My column this week is not only going to be short, but I sent it to my editor late because I am trying to wean my three year old and myself off TV.  Consequently Alex, my three year old, had to help me write my column, helped me to dust the house, insisted on helping with the laundry, and tried to sweep when I was washing the floors. 

Therefore, all the tasks that I normally get done in a few hours have taken me the better part of three days.  In the middle of ‘work’, as we call it, Alex needs a snack, or a drink or a bathroom break. I’m still nursing my baby, so he requires me to sit down and nurse every couple of hours too. 

I hadn’t realized how much I had come to depend on Television until I tried to turn it off for a day.  It isn’t easy.  I had become used to the noise in the background and the distraction for Alex.  It made life easier for me and let me accomplish all the tasks that go with having a house, husband, two kids, three dogs and two cats.  I used to think that I would have more time if I watched less TV, but in truth I don’t watch it that much.  It kind of provides a background to my life around the house.

It is however, a conversation killer.  I find that without the television on my son and I talk more.  Have you ever spent time talking to a three year old?  They, or at least my son, have a very rich life, filled with alligators to tame, Bob the Builder to follow around and Bears, who live under the dining room table, to hunt.  I gave up trying to get things done yesterday and gave the whole day over to playing with Alex and Ian.
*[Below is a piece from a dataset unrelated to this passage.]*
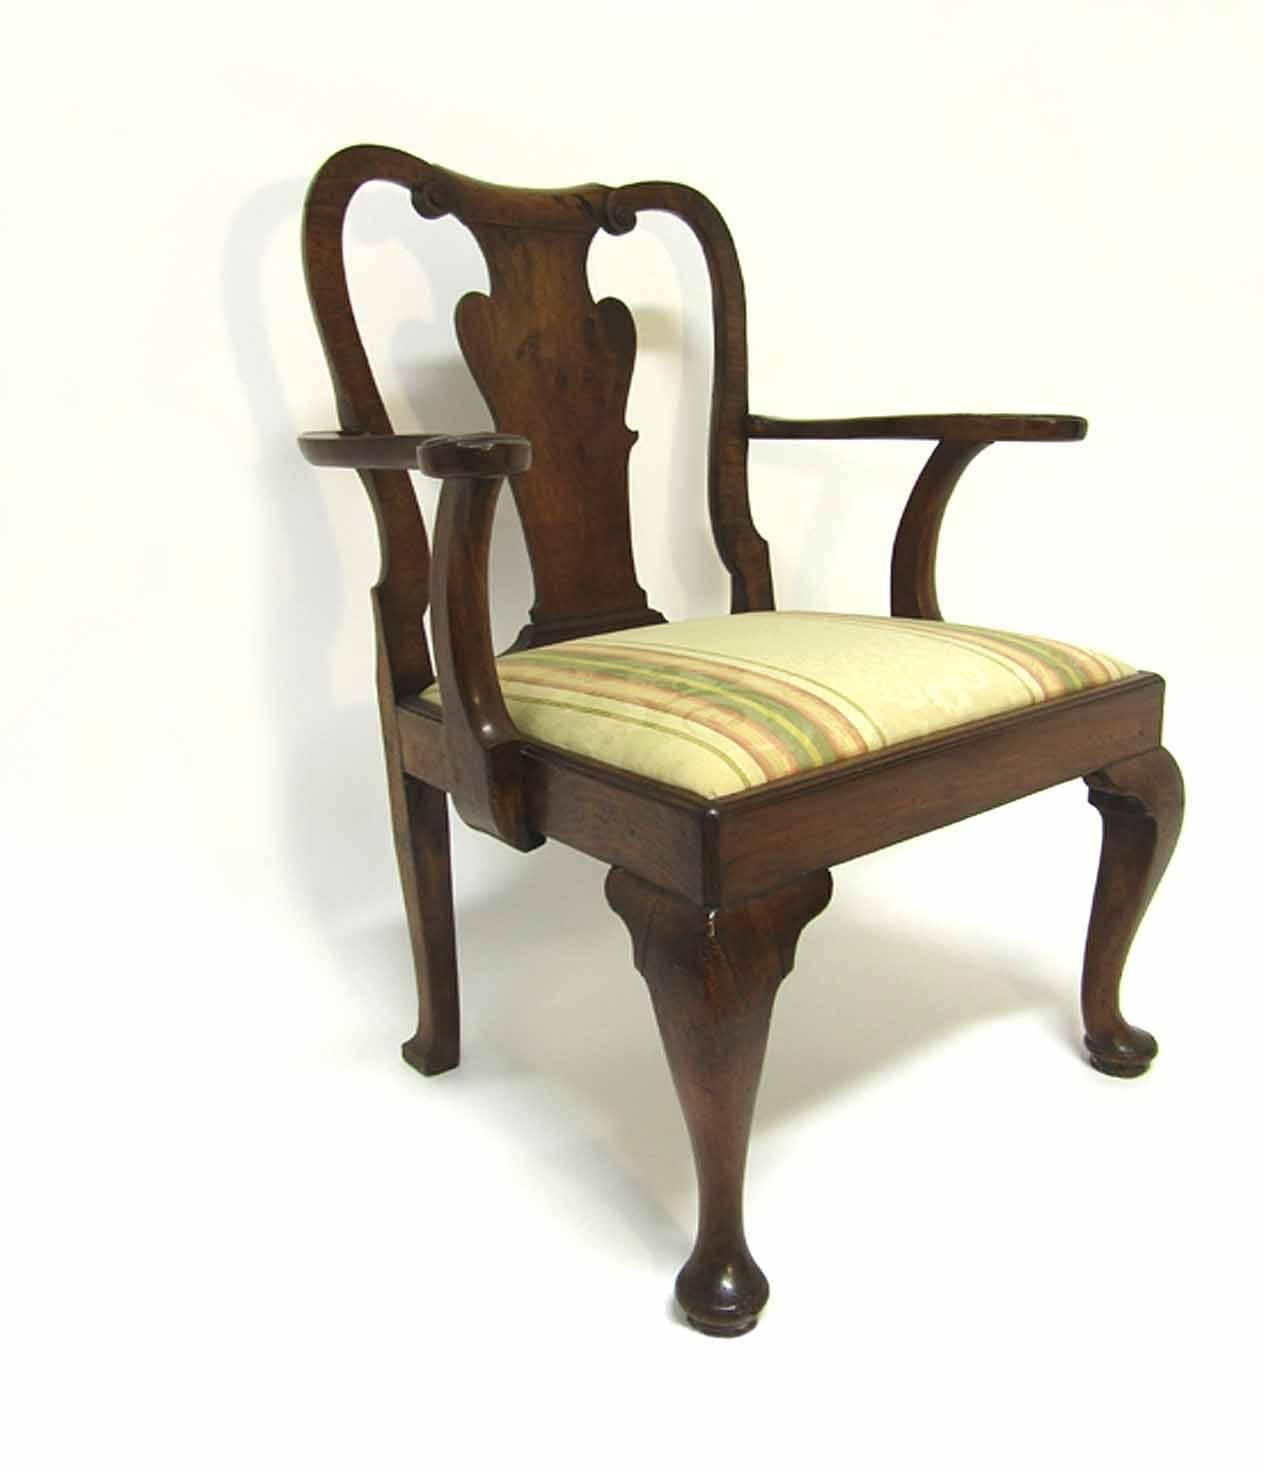 Fine antique George I period walnut armchair; rolled scroll crest rail flanked by C-scrolled, vasi-form back splat, flanked by carved side arms with shell and foliate hand grips slip seat and raised on cabriole legs ending in skippered pad feet.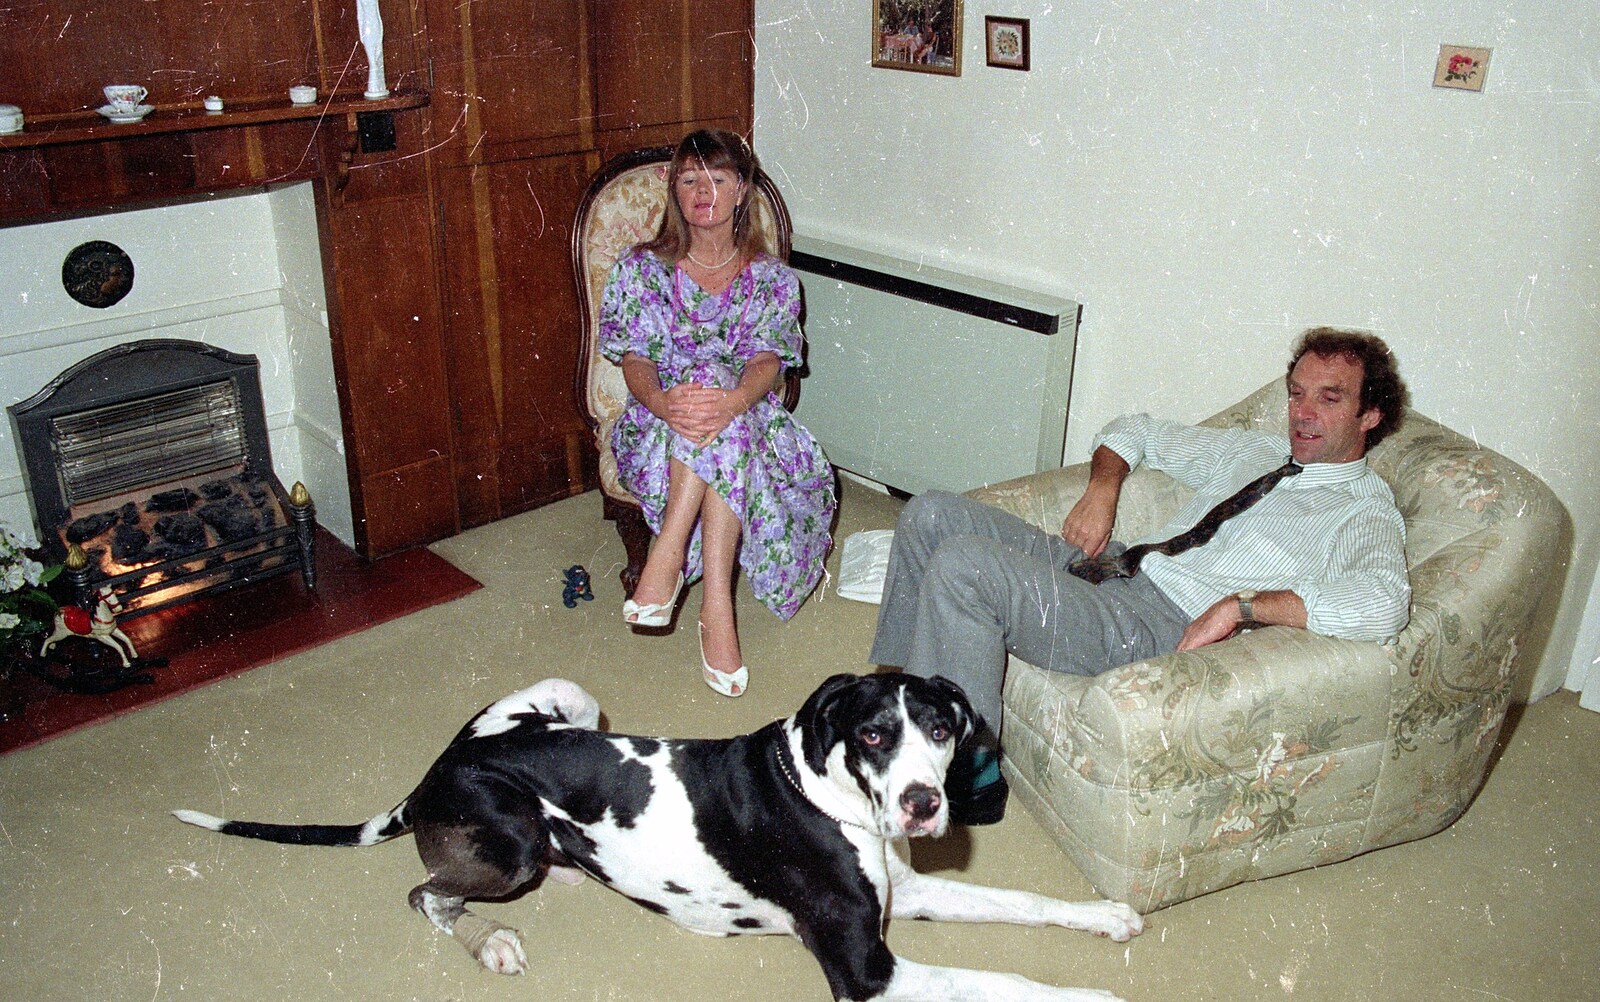 Mother, Mike and Boley from A Trip to Bracken Way, Walkford, Dorset - 8th September 1987

Ian laughed and giggled at Alex and I as we shot baskets, read stories, pretended with Play-Do and colored with Markers and Crayons.  It was one of those beautiful days where the phone didn’t ring, and there was nowhere to go.

I had whole weeks like this in the summer when I was a kid.  Nothing set to do, no activities planned, each day stretched ahead with an adventure just waiting to be discovered.  Ellen Galinsky, author of Ask the Children, recently spoke on  “The Oprah Winfrey Show” about how the majority of children talk not of vacations and birthdays, but of the ordinary everyday things that we do as parents.  It is the day to day that gives children their sense of security and love.  It makes sense.  Looking at my own childhood, while I do remember the vacations we took, what meant the most to me was sitting on the stairs talking to my Mother.  I felt safe, and as if I could tell her anything in those moments.

Those moments can’t be forced, they just sort of happen.  I suppose the key is to be prepared to drop everything when your child opens up.  It isn’t easy in our scheduled, rigorous, activity filled world.  It might mean missing something that’s important at that moment.  Taking in the bigger picture though, while I don’t remember exactly what my Mom and I said on the stairs all those years ago, I do remember how loved I felt.  Now that she has died, I can hold on to those moments.

So while I am still going to do the laundry and vacuum the carpets, I’m going to try to leave the TV off more often.  I hope Alex and Ian will have the equivalent of my Mother’s and my stair talks when they, as my son is fond of saying, “get bigger and biggerest.”